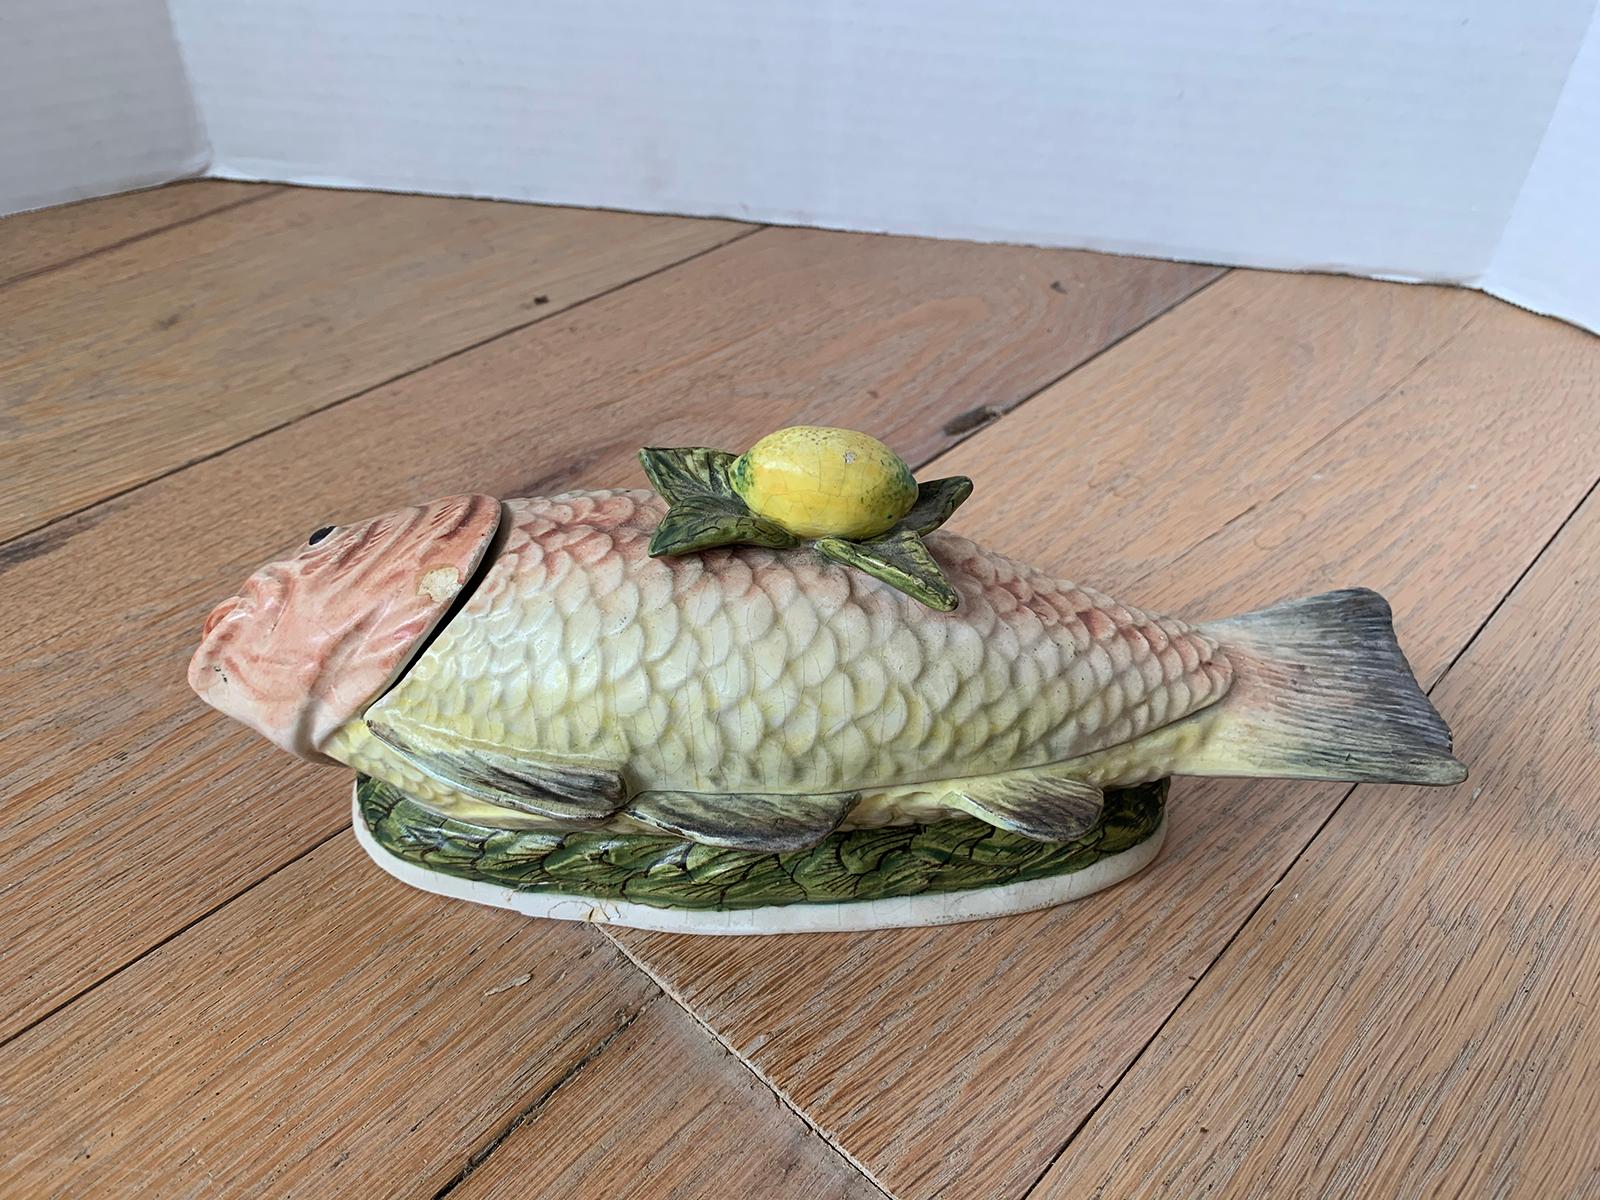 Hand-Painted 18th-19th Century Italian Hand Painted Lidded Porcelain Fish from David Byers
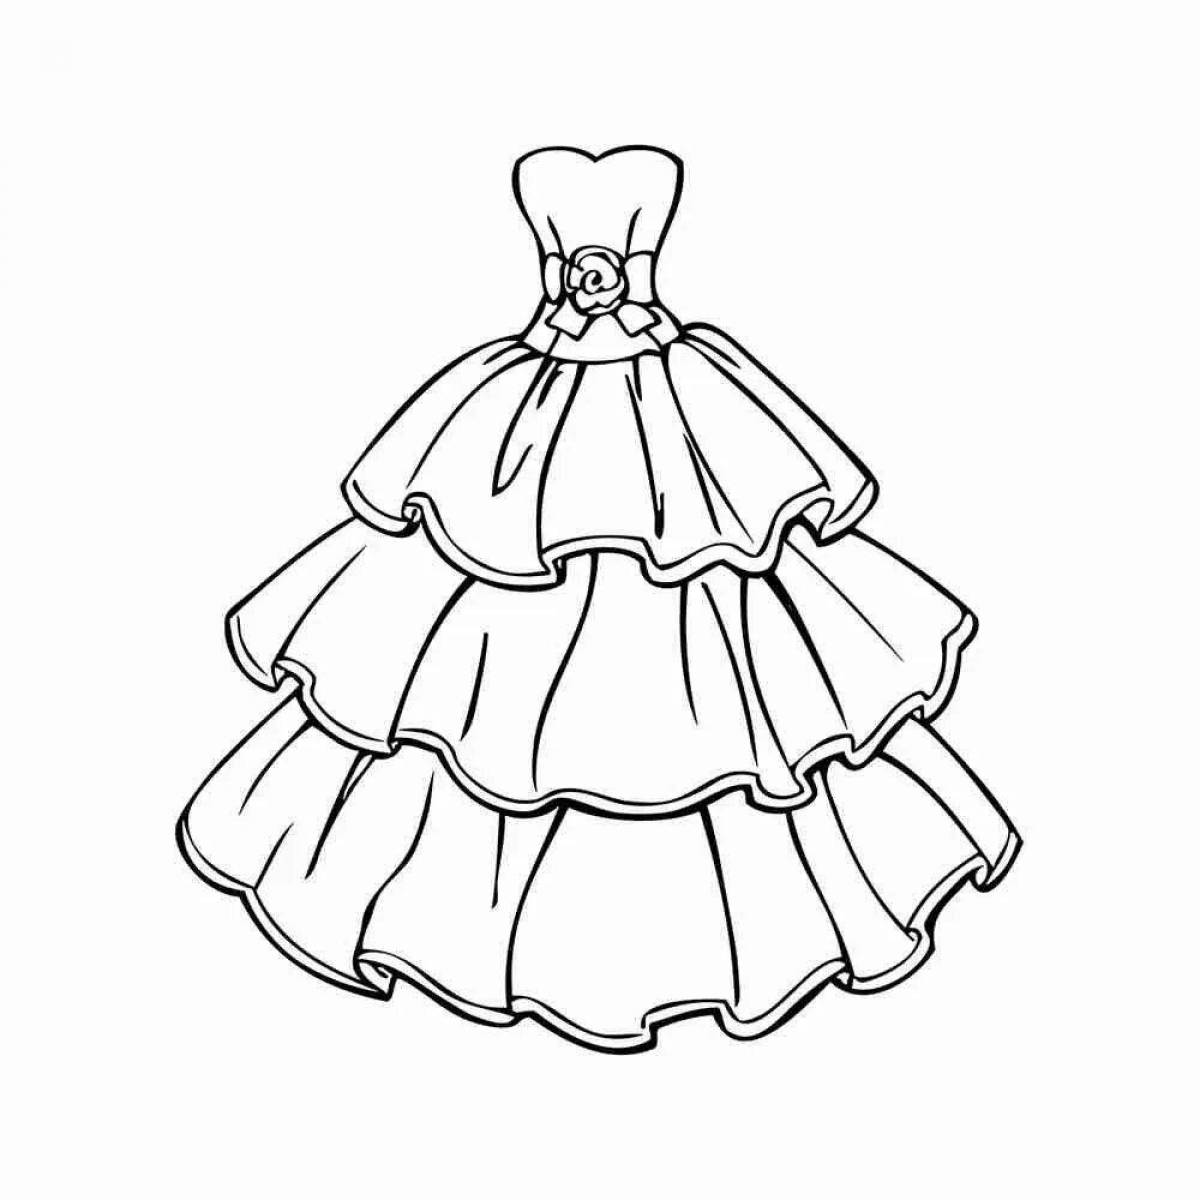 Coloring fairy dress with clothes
==
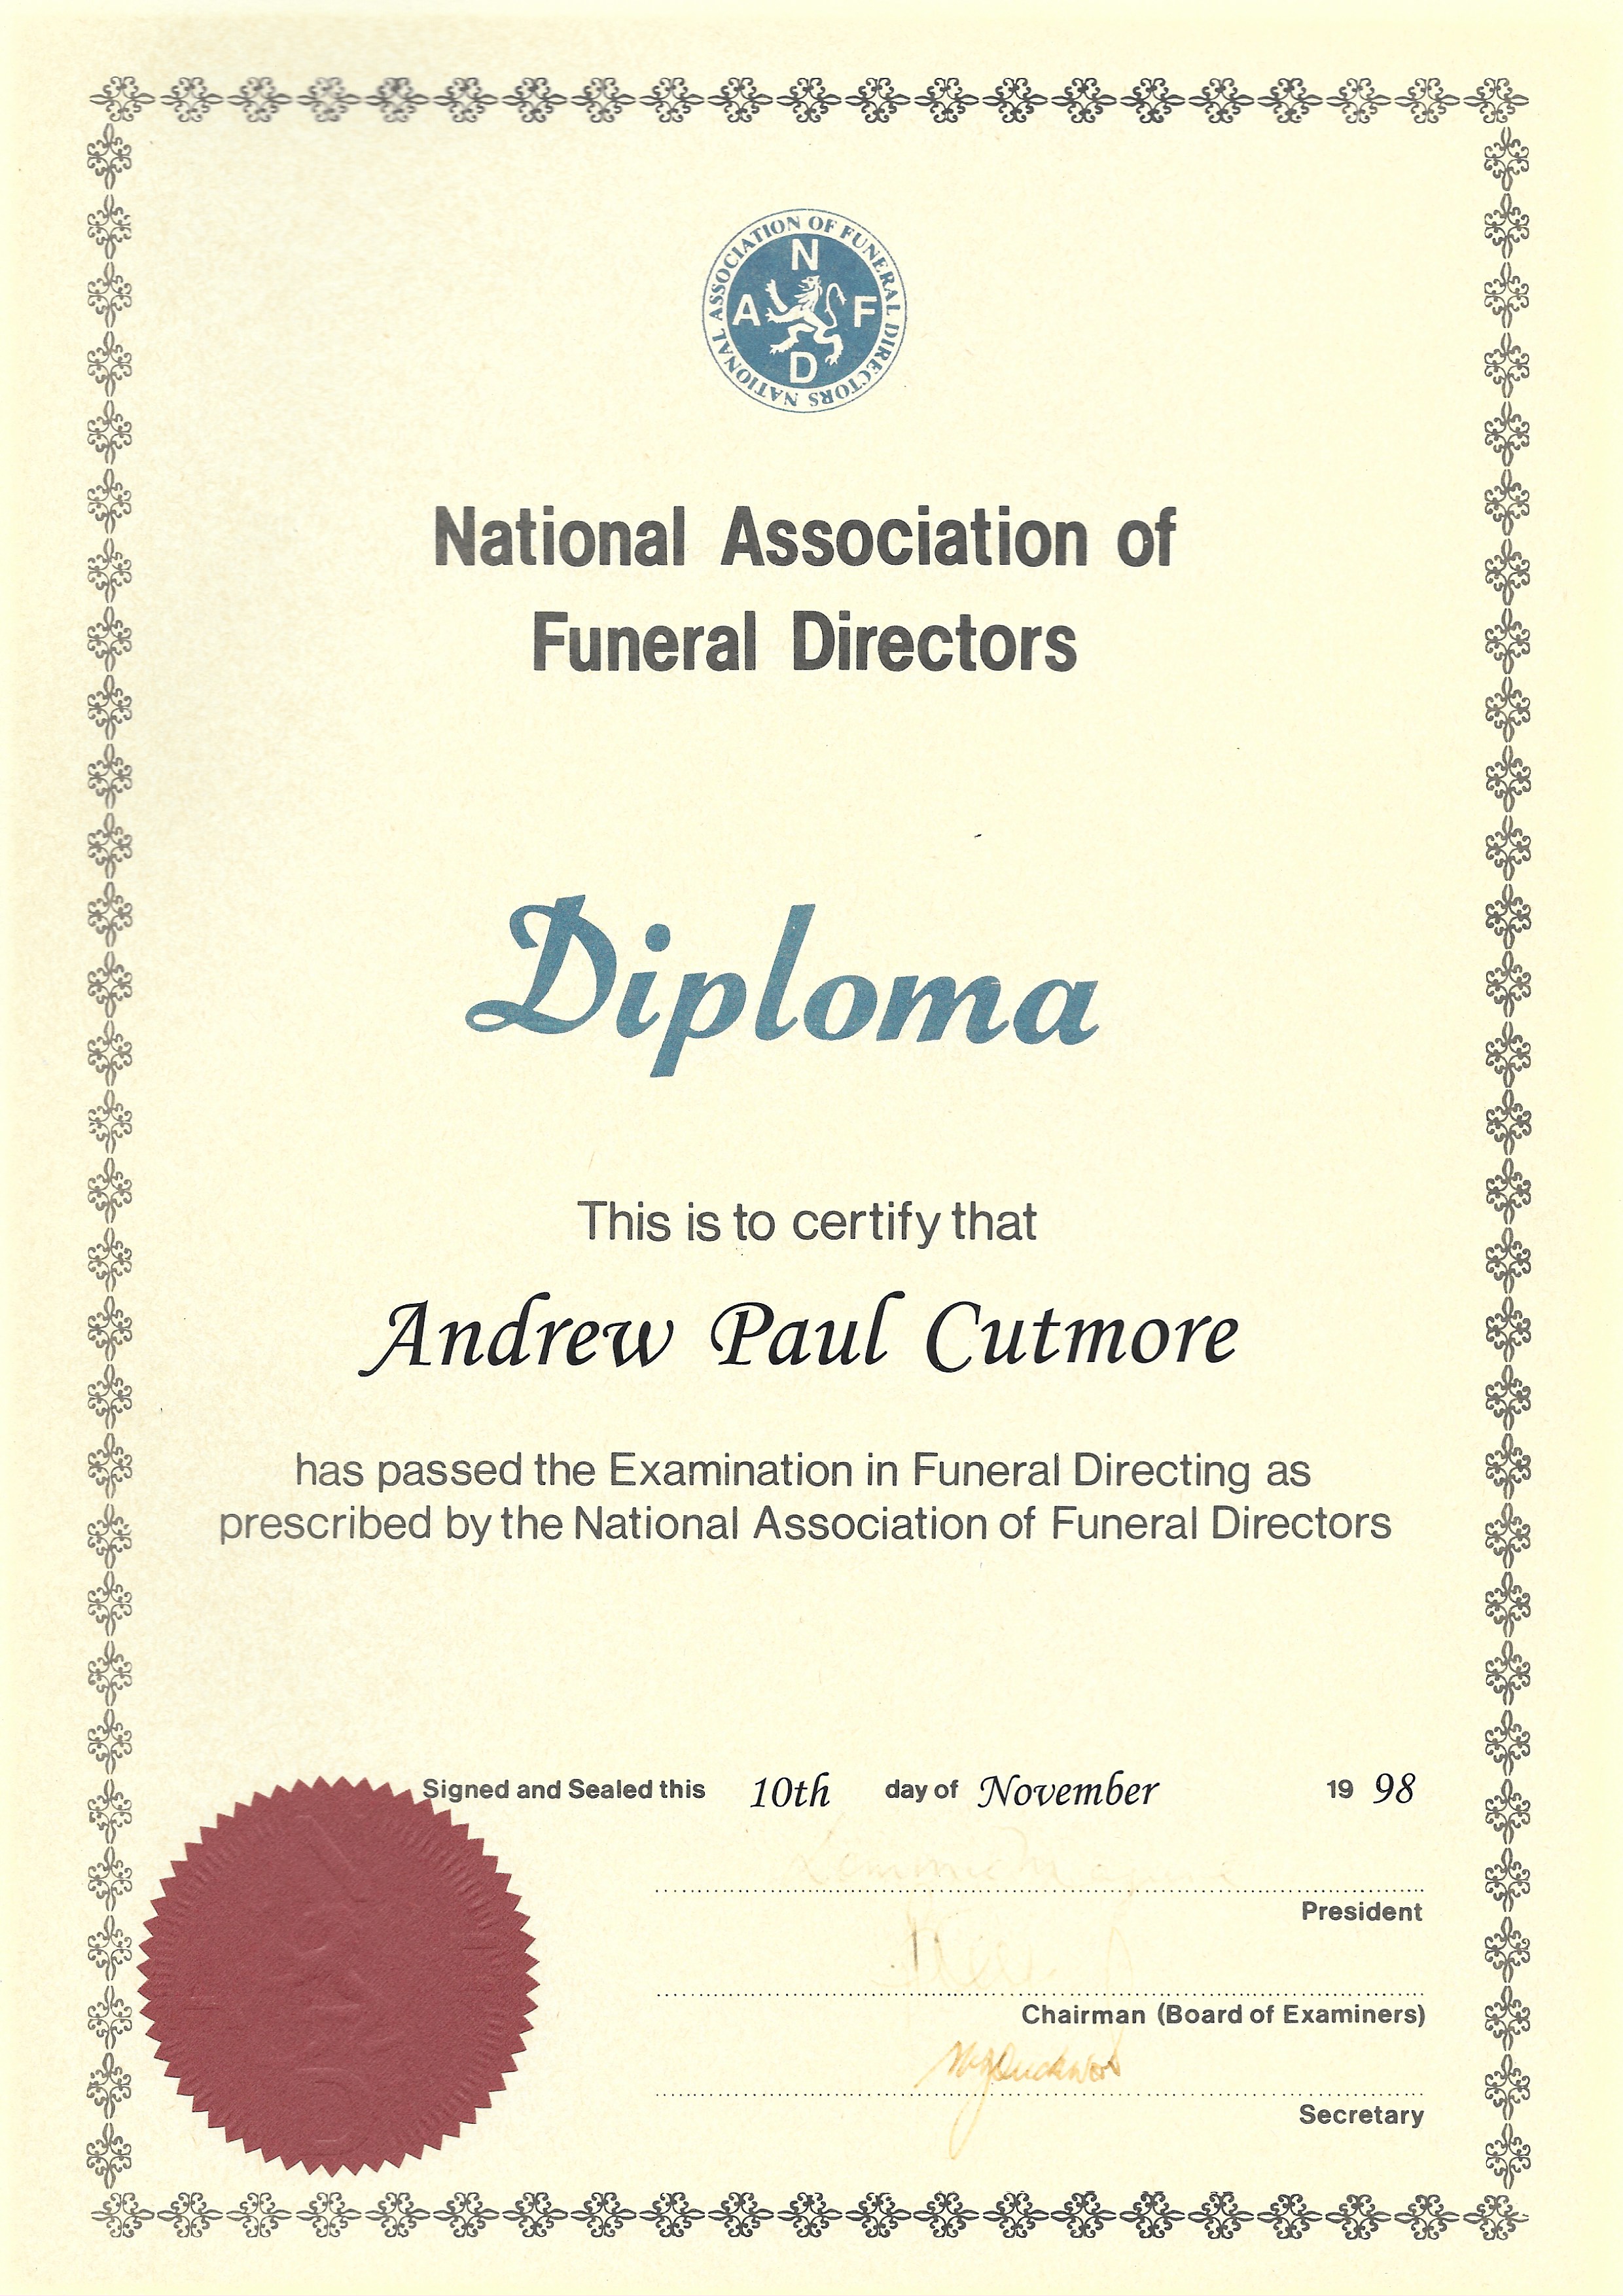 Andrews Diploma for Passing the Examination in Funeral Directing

What to produce: Starting at the line above that contains "Hand-Painted 18th-19th Century", transcribe every line exactly through the line that contains "Coloring fairy dress with clothes", including that last one, and skip the pictures.

Task answer:
 Hand-Painted 18th-19th Century Italian Hand Painted Lidded Porcelain Fish from David Byers
 Coloring fairy dress with clothes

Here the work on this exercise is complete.